Reproduce the whole listing exactly, omitting any picture it holds.
Raw data Block Start
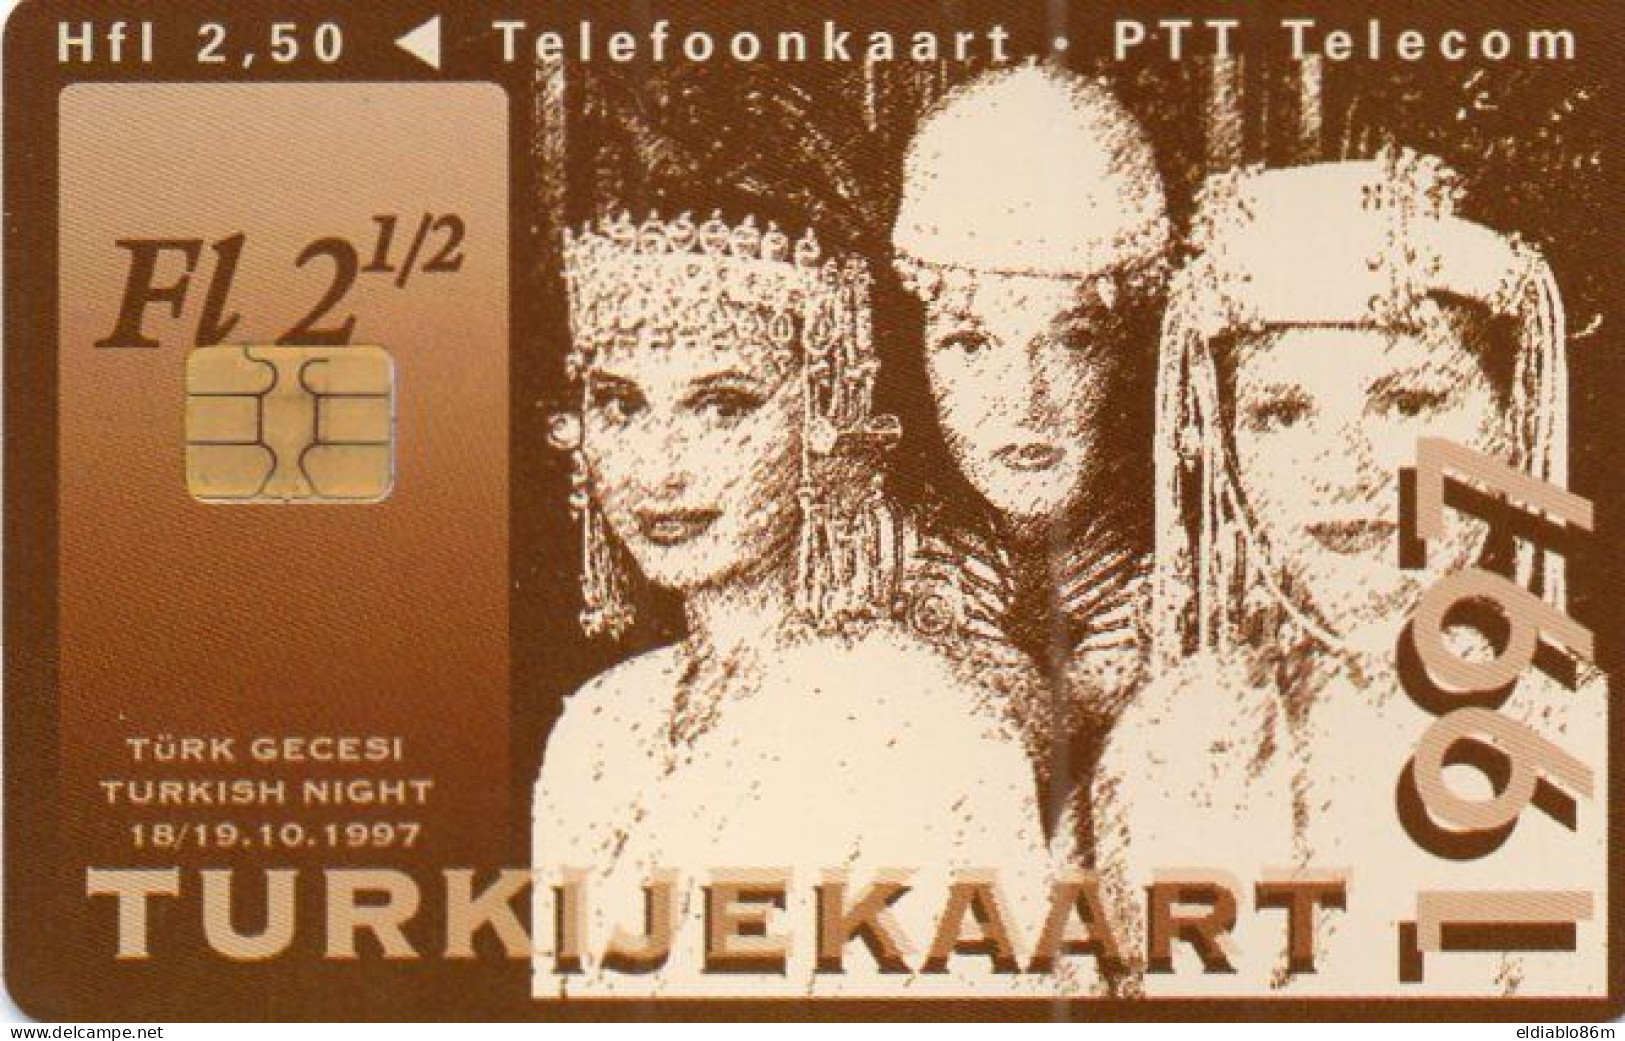 NETHERLANDS - CHIP CARD - CKD114 - TURKIJEKAART - TURKISH NIGHT - WOMAN - öffentlich
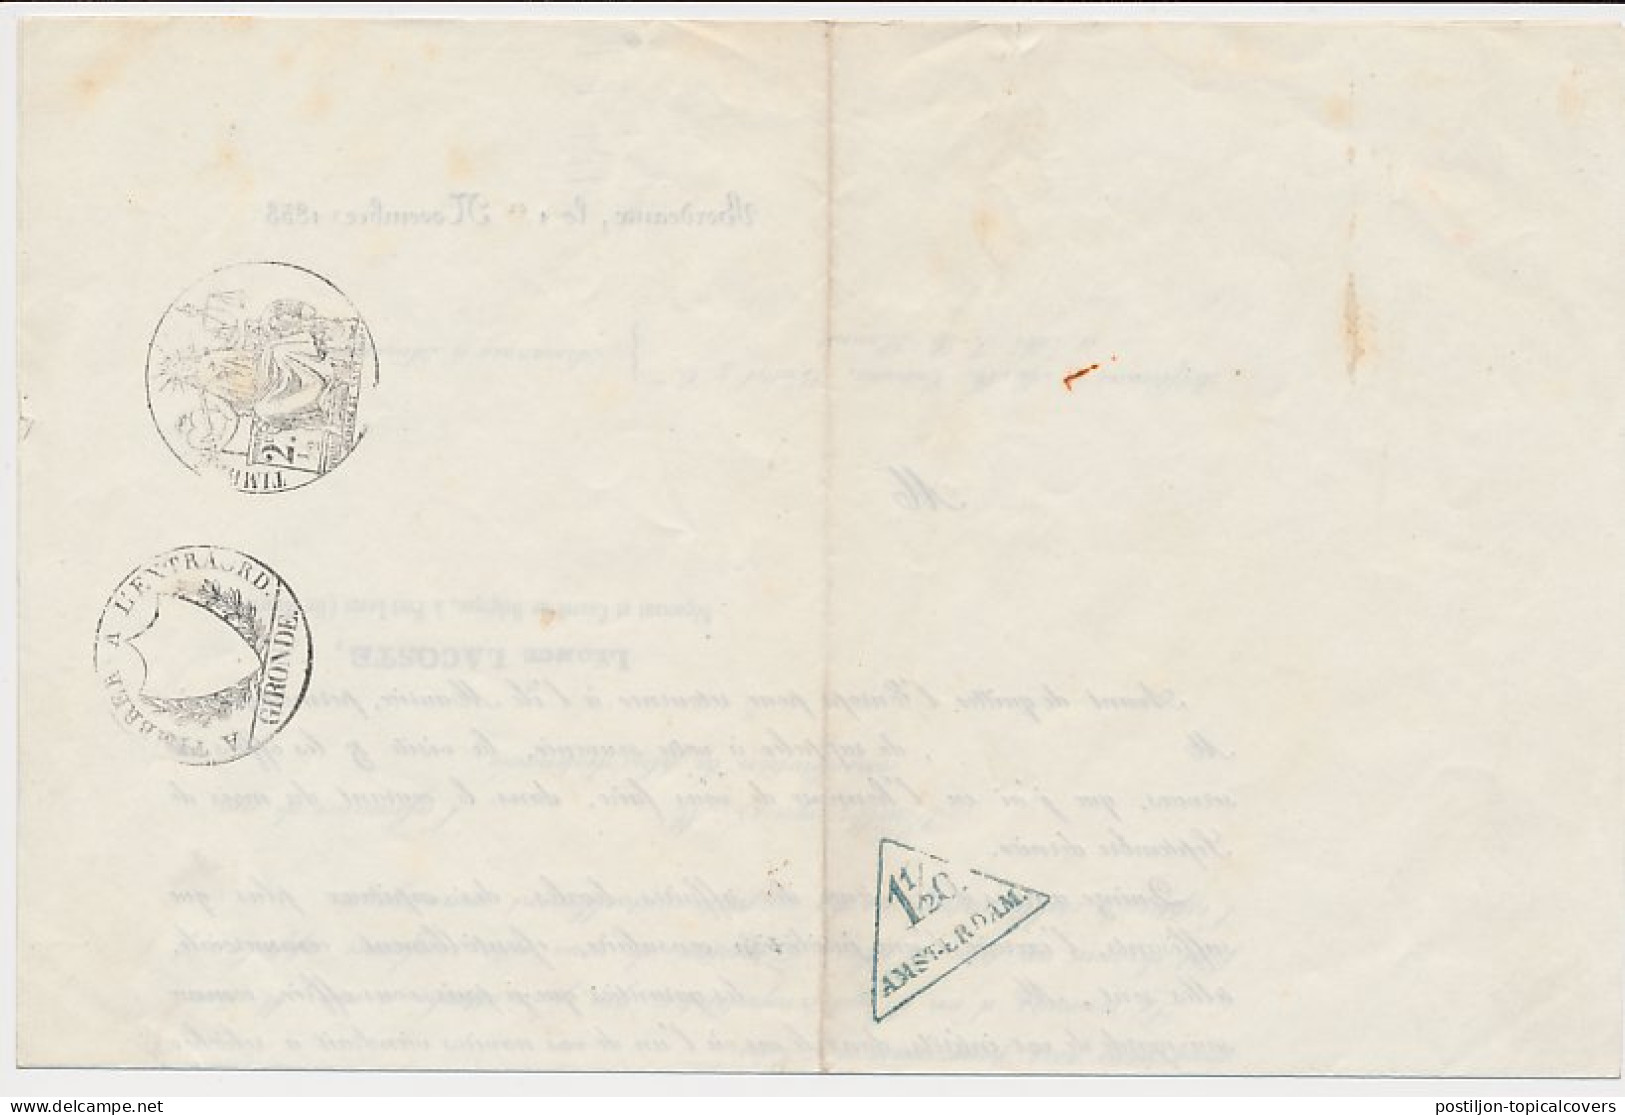 Amsterdam 1 1/2 C. Drukwerk Driehoekstempel 1853 - Revenue Stamps
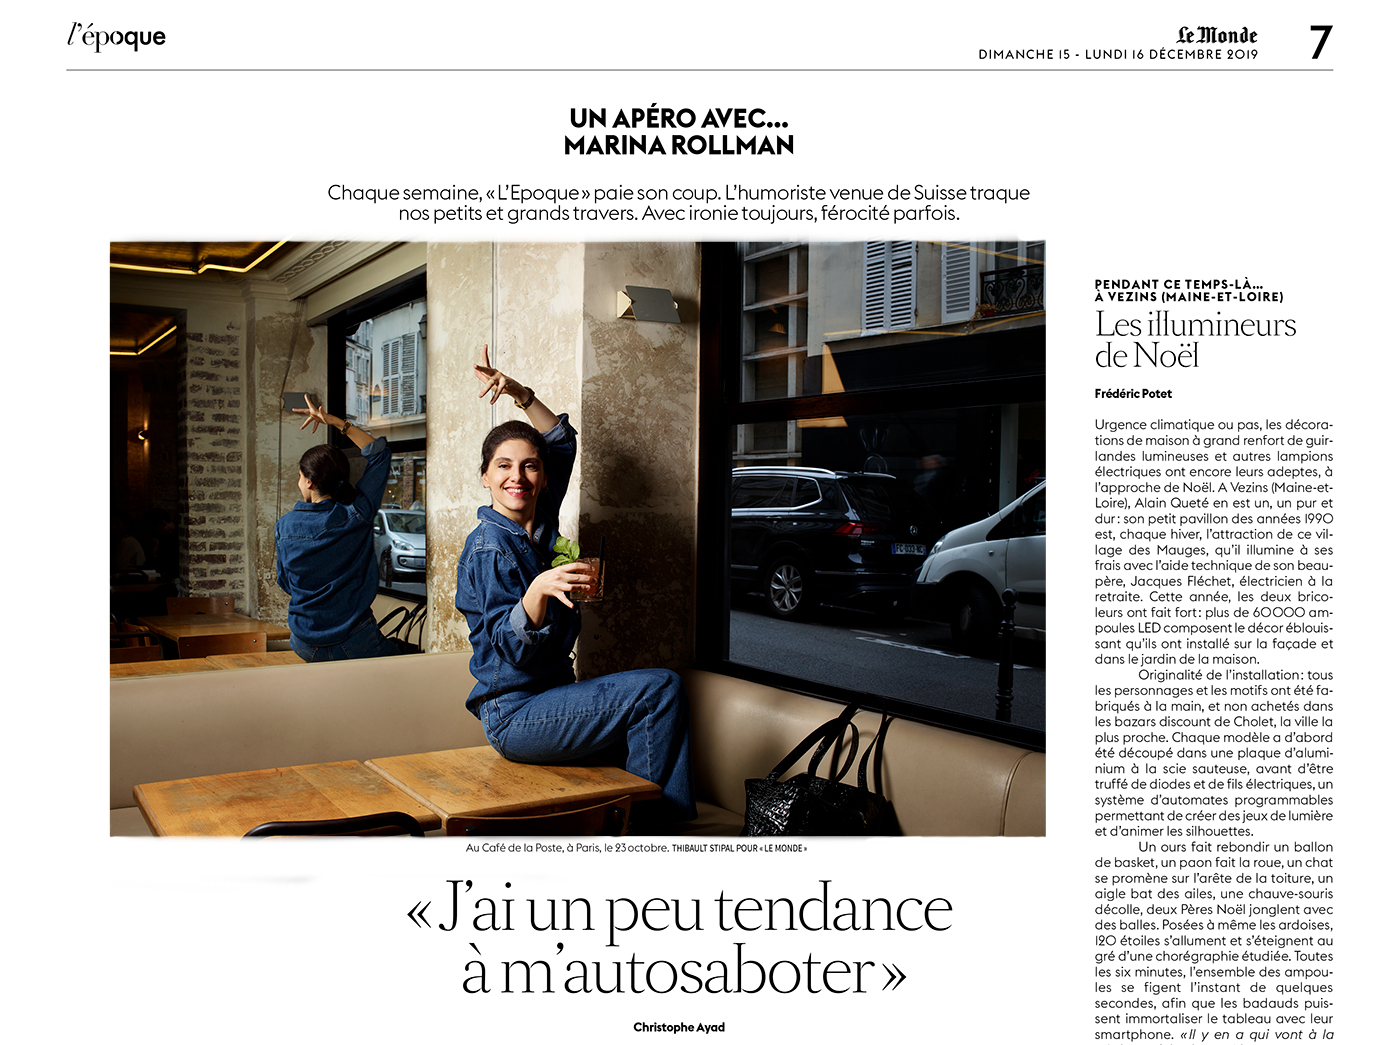 Thibault Stipal - Photographer - Le Monde - 1
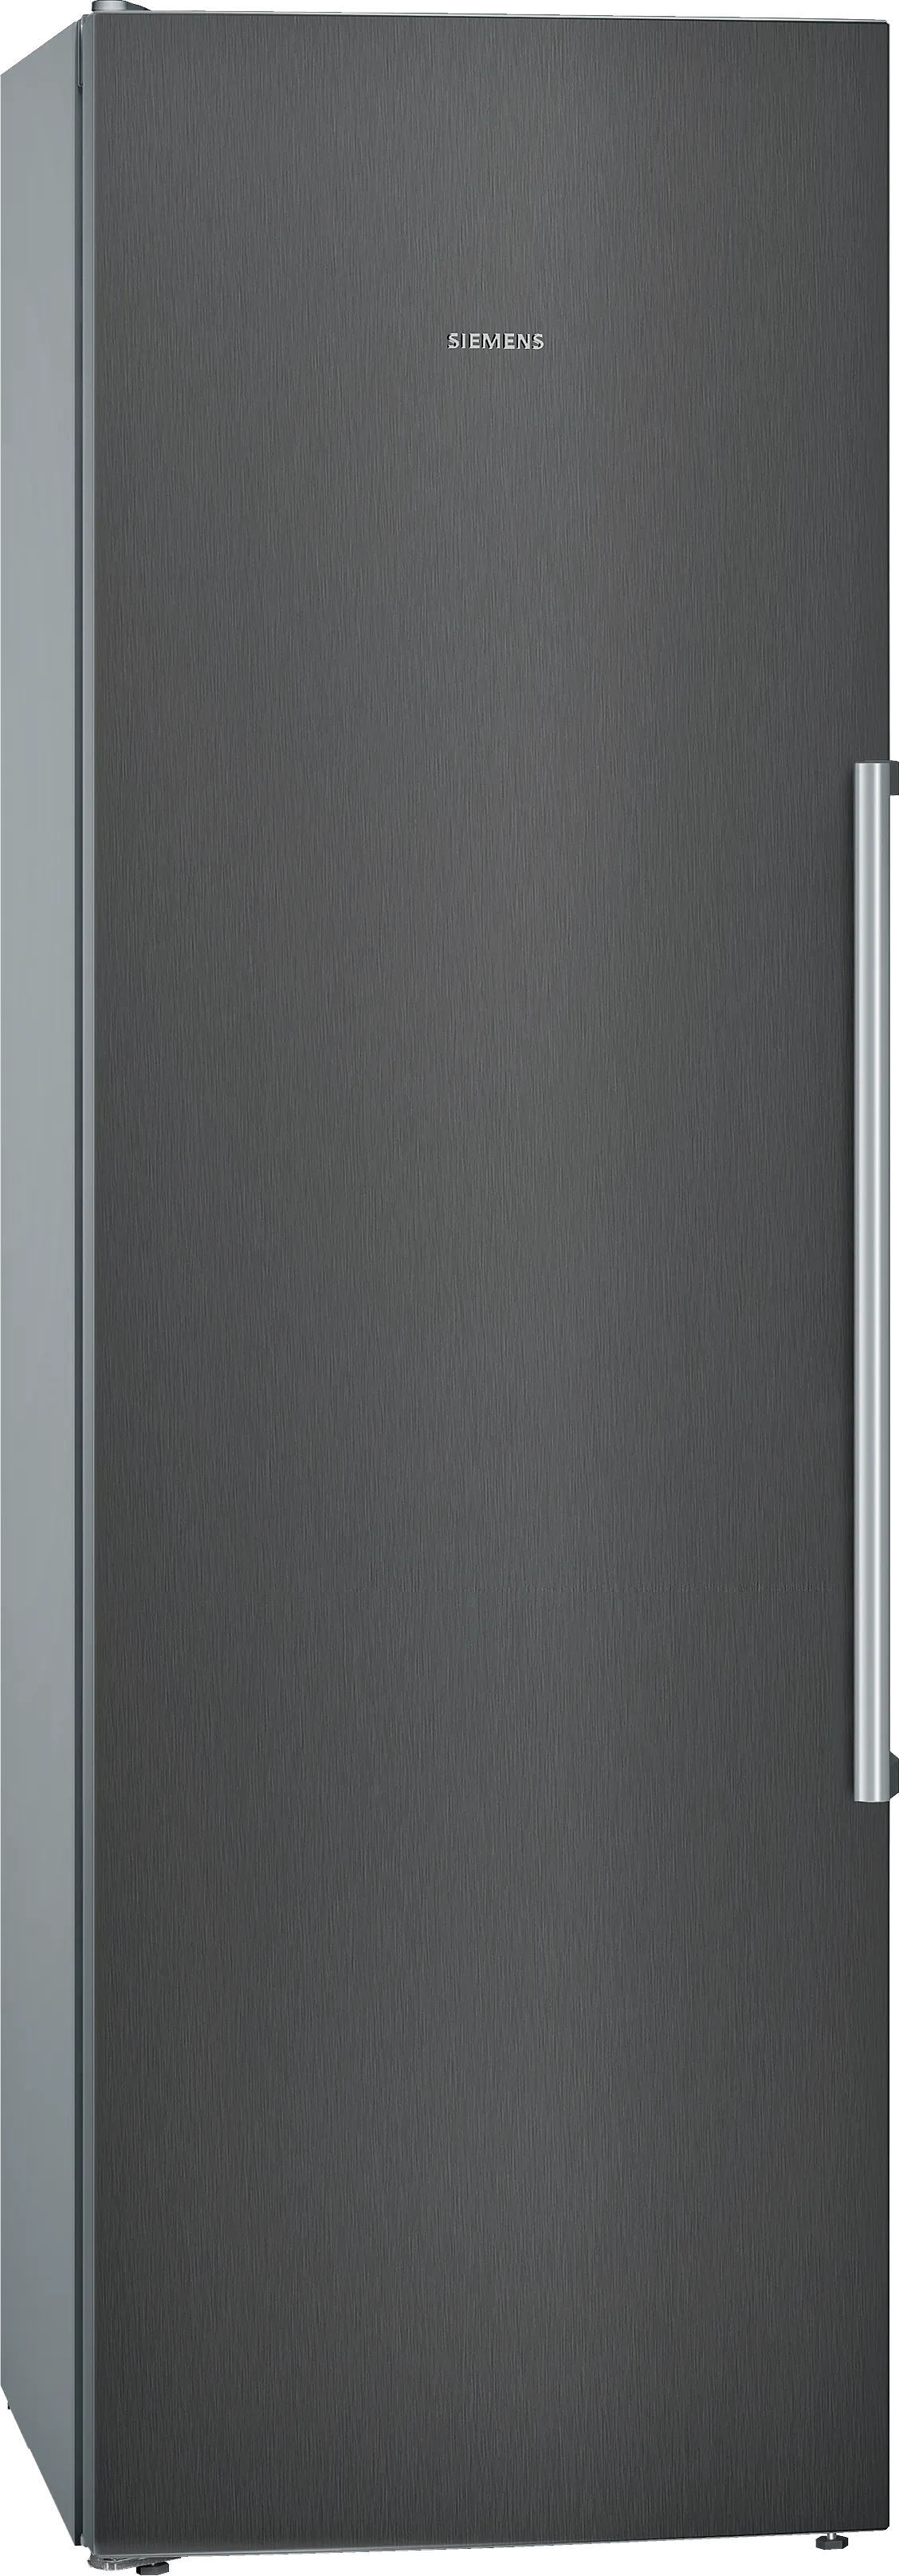 iQ500 Freestanding Fridge 186 x 60 cm Black stainless steel
Raw data Block End
• Result below:
 NETHERLANDS - CHIP CARD - CKD114 - TURKIJEKAART - TURKISH NIGHT - WOMAN - öffentlich
 Amsterdam 1 1/2 C. Drukwerk Driehoekstempel 1853 - Revenue Stamps
 Thibault Stipal - Photographer - Le Monde - 1
 iQ500 Freestanding Fridge 186 x 60 cm Black stainless steel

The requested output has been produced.